Did you fuck her?
If by "fuck her" you mean "threw up on her shoes," then yes, I achieved that.
you ever wonder how lesbians feel about girls being in relationships with other girls on facebook? could it annoy them more than it annoys me?
my roommate left her license, credit card, and cellphone on her desk. I feel like this is a trap.
I drank gravy. I actually drank gravy. This is heaven.
"Does your mom know how big your cock is?" Worst dirty talk I've ever had.
Apparently my gaydar only works on americans. Frenchie capris has two topless chicks in our kitchen making him breakfast.
The guy is drinking 5 bottles of beer in a juice pitcher. Fucking amazing.
Everyone in the office is in total denial. I asked my boss what he did this weekend and he said "nothing much." But I know we were both thinking about the orgy.

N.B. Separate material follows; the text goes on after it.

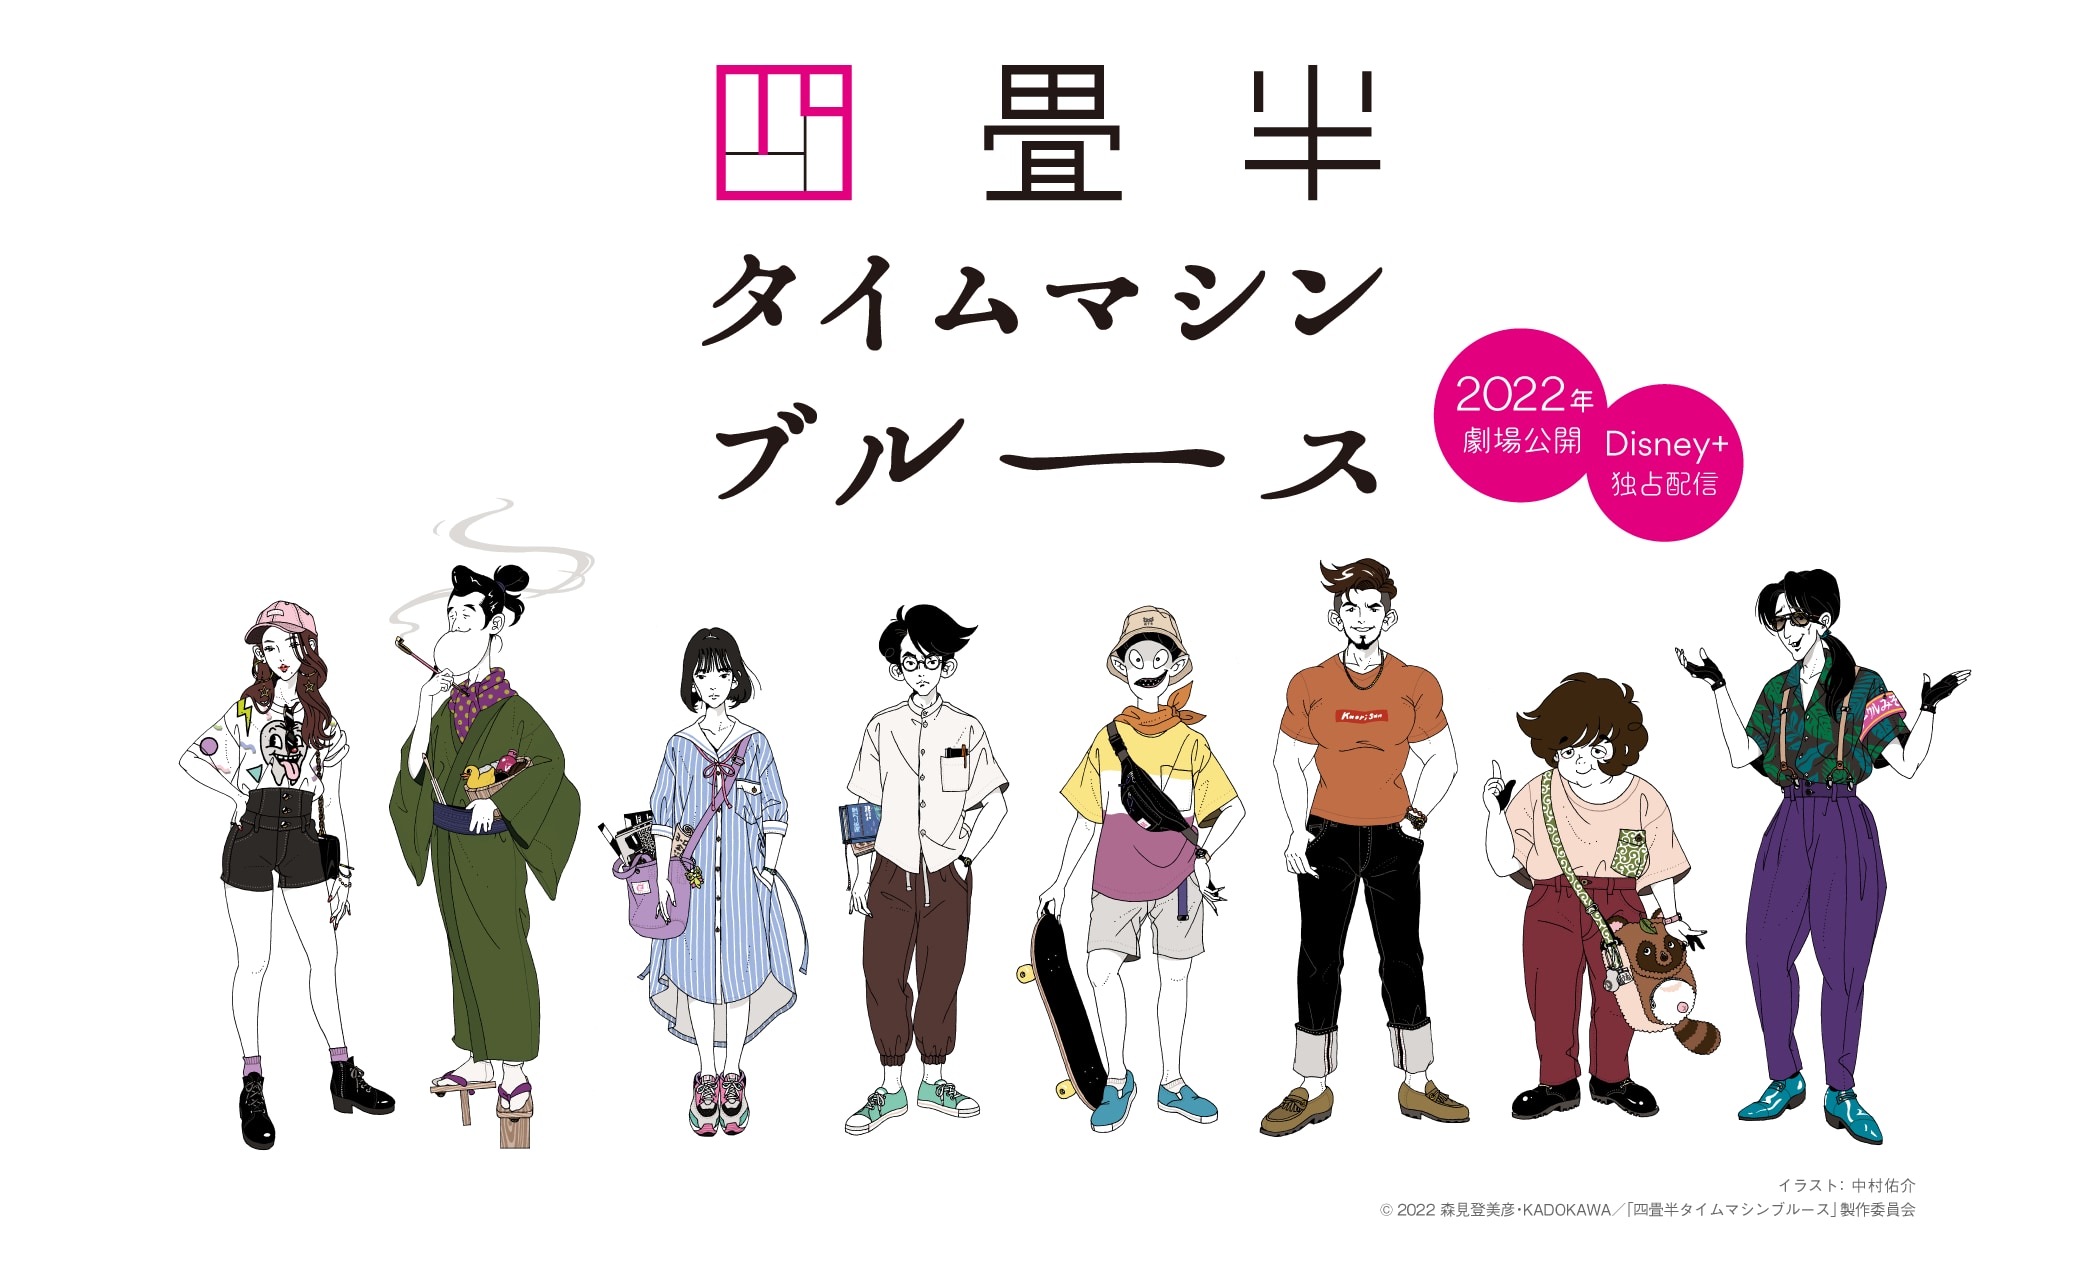 Yojohan-KV Anime Movie "Yojohan Time Machine Blues" Reveals Cast and Visual, Coming to Theaters and Disney+ in 2022

He was like an artic tracker. Walked ten paces from the tree, then 15 paces from the mailbox, dug down in the snow, and pulled up the case of beer he hid from his parents out there. It tasted like ice cold success.
other than the jail part I had a really good time with you
He shoved his balls through an egg carton and showed us a picture. They were surprisingly egg-like.
I was laying there trying to sleep and then he sat up, took out his dick, and put it on my shoulder. It wasn't even hard- it was just casually perched.
So I'm sitting at my desk and Thunderstruck came on my iPod. I then proceeded to drink coffee every time I heard thunderstruck. Who says you don't remember anything from college?
Got laid at work. Yes, AT work, why they let me run this tennis center by myself speaks to their poor judge of character.
Thanks for duct tapping my dick to my leg while I was passed out. I could only aim straight down. I stood on your bed. Have a nice day at work!